Chahine again announced his position in Al-Nasser Salah el-Din, a film produced in 1963, in which he presented his position regarding the Israeli occupation of Palestine. The film, a historical work, deals with the capture of Jerusalem by the Crusaders in the Middle Ages and its liberation by Saladin, and it was a vehicle for Chahine to express his pan- Arab views and his support for the Palestinian people's struggle against occupation.

In this film, Chahine's technical skills were happily wedded to his political beliefs, and this matching of political content with powerful, sometimes even stunning, artistic effects reached its climax in Chahine's 1969 film The Land. Here, Chahine succeeded in staging unforgettable panoramic scenes depicting the struggle of the peasants against the confiscation of their land by a feudal landlord and the state authorities supporting him.

Scenes in this film of peasants rising up against their oppressor, or of soldiers on horseback attacking them, or of the death of the film's main character, Mohamed Abu Soweilim, tied by his feet and dragged along by a horse as he clings to the earth with his fingers, are among the most memorable in the whole of Arab cinema, and a great part of the reason why they stick in the memory many years later is due to their artistic accomplishment.

However, The Land, unforgettable as it is, was to become Chahine's last truly popular film, and he began to move towards a more philosophically nuanced style of filmmaking, while still retaining his sympathy for the poor and dispossessed. In The Choice, for example, made in 1970, Chahine showed his preoccupation with the relationship between intellectuals and the political power represented by the state, especially in Third World countries such as Egypt.

The film features two brothers who are identical twins, the first being bohemian and anti-establishment, and the second working in the service of the establishment. This device is used as a metaphor for the schism that afflicts intellectuals living under authoritarian regimes, and Chahine's use of it can still cause confusion for many even today, especially since an alleged murder committed by one of the twin brothers against the other takes place in the film, though it is never really clear who has killed whom.

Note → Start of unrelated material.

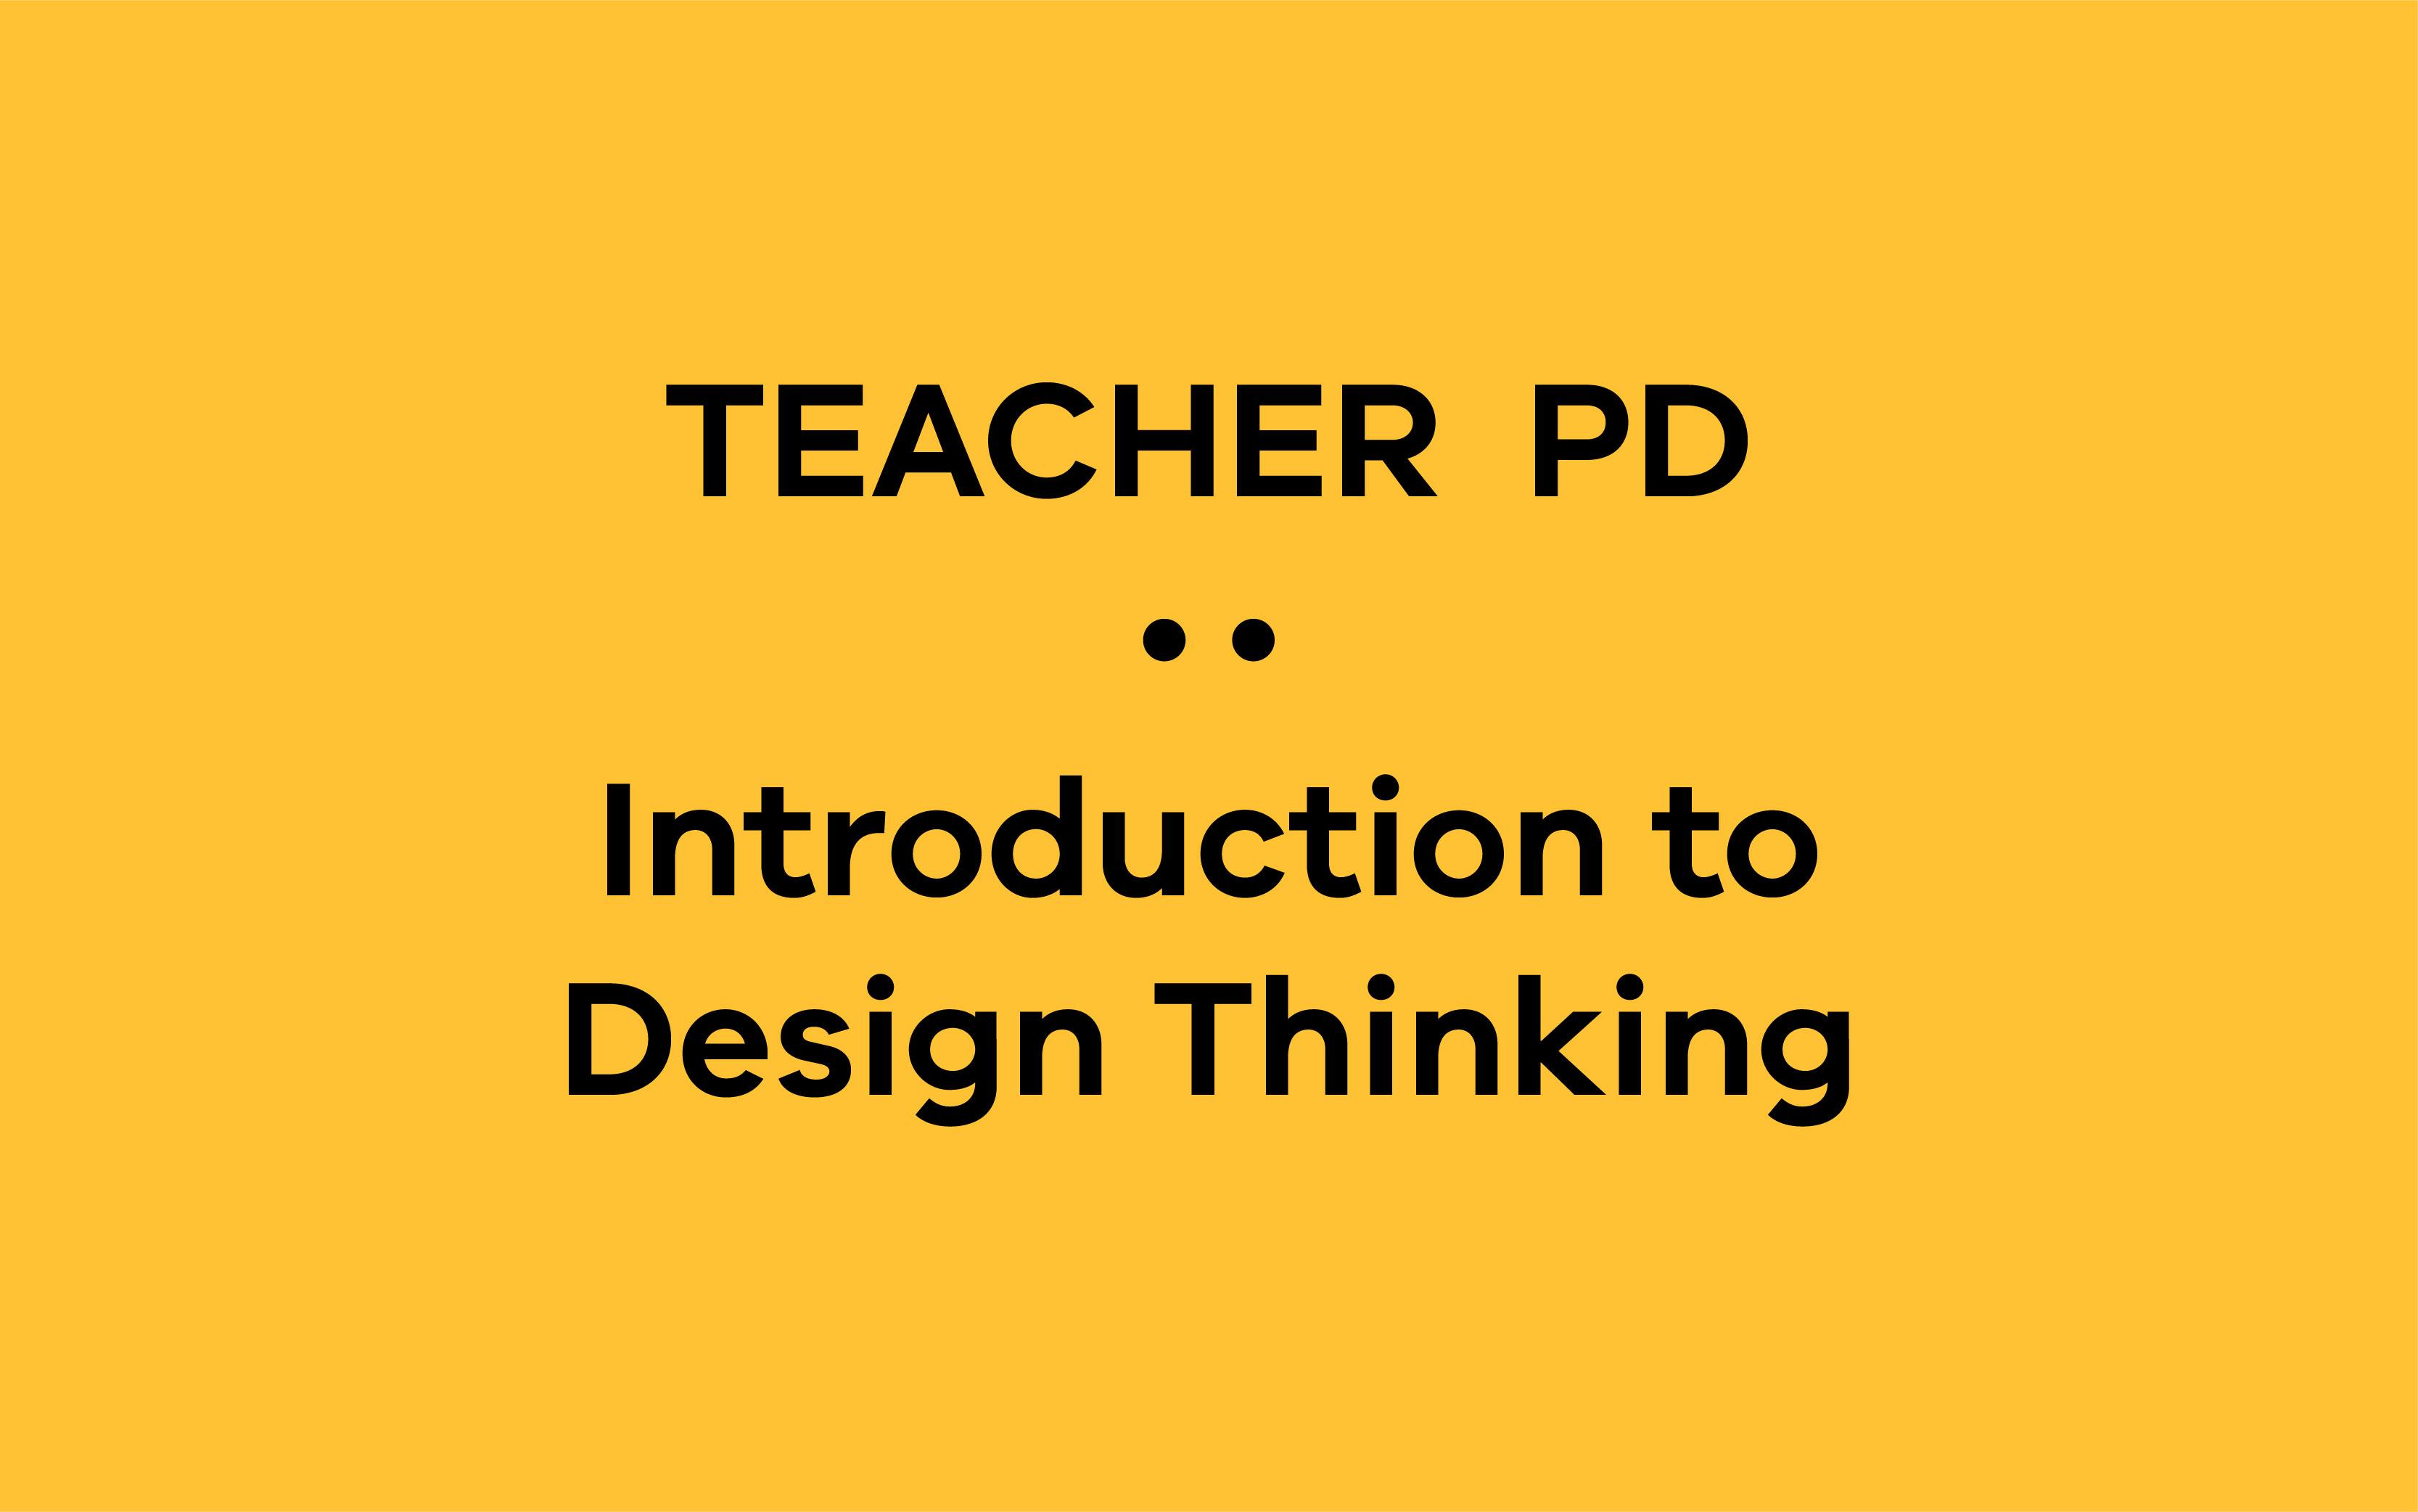 Introduction to Design Thinking for Teachers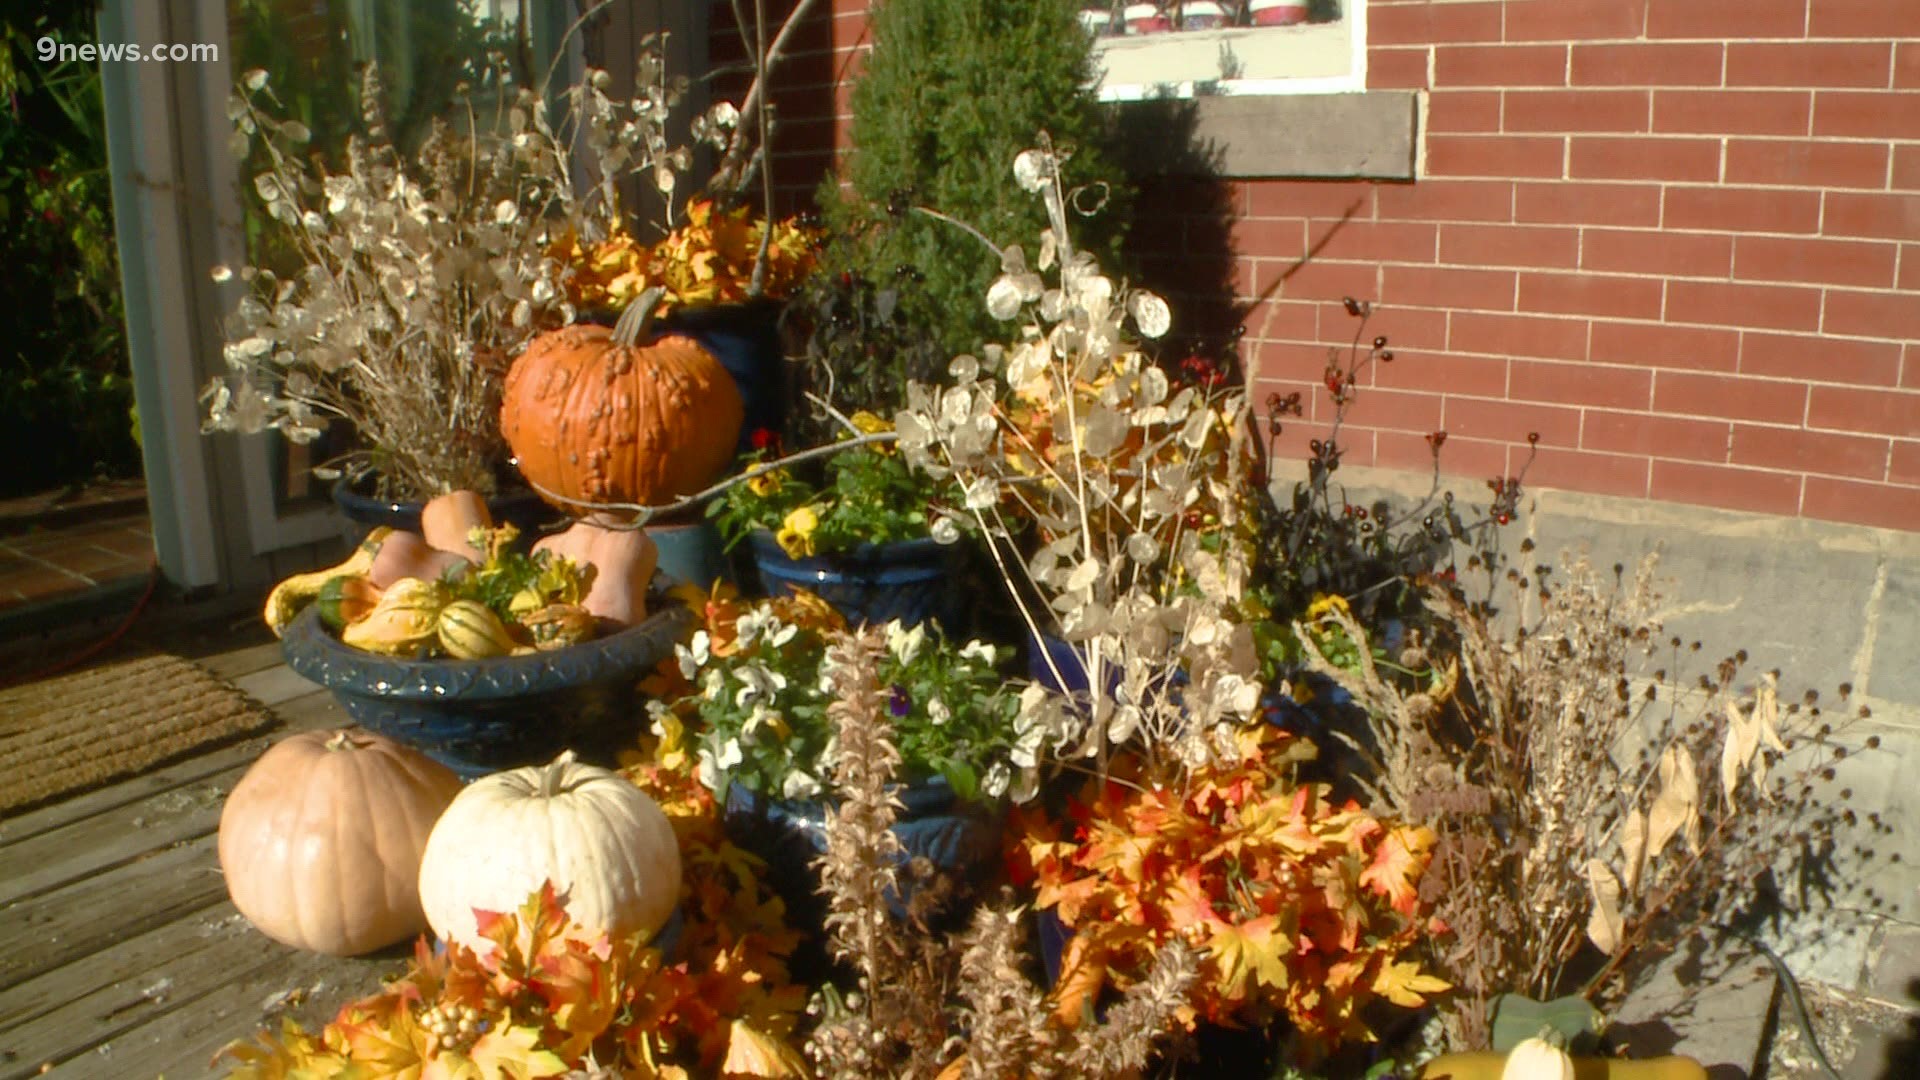 With the removal of dead plants and a couple of additions, your porch can come alive — even in late autumn.

In 1973, Chahine took his anti-establishment sentiments one step further in The Sparrow, accusing the establishment with its rampant corruption of being the main reason behind the 1967 defeat. This radical anti-establishment mood persisted in Chahine's work until his last film, This is Chaos, released last year, which deals with corruption and police abuse in contemporary Egypt.

However, perhaps the most socially radical film of all those that Chahine produced is The Return of the Prodigal Son, which ends in a massacre. Members of the family in the film, representing authority, all die at each other's hands, leaving only the two young protagonists who manage to flee the scene in disgust at the family members' struggle for power.

As many critics have noted in the obituaries of Chahine that have appeared over the past week, his career was one of the boldest in Egyptian and Arab cinema, and for this alone, as well as for the influence he has exercised over generations of filmmakers, he will always be remembered.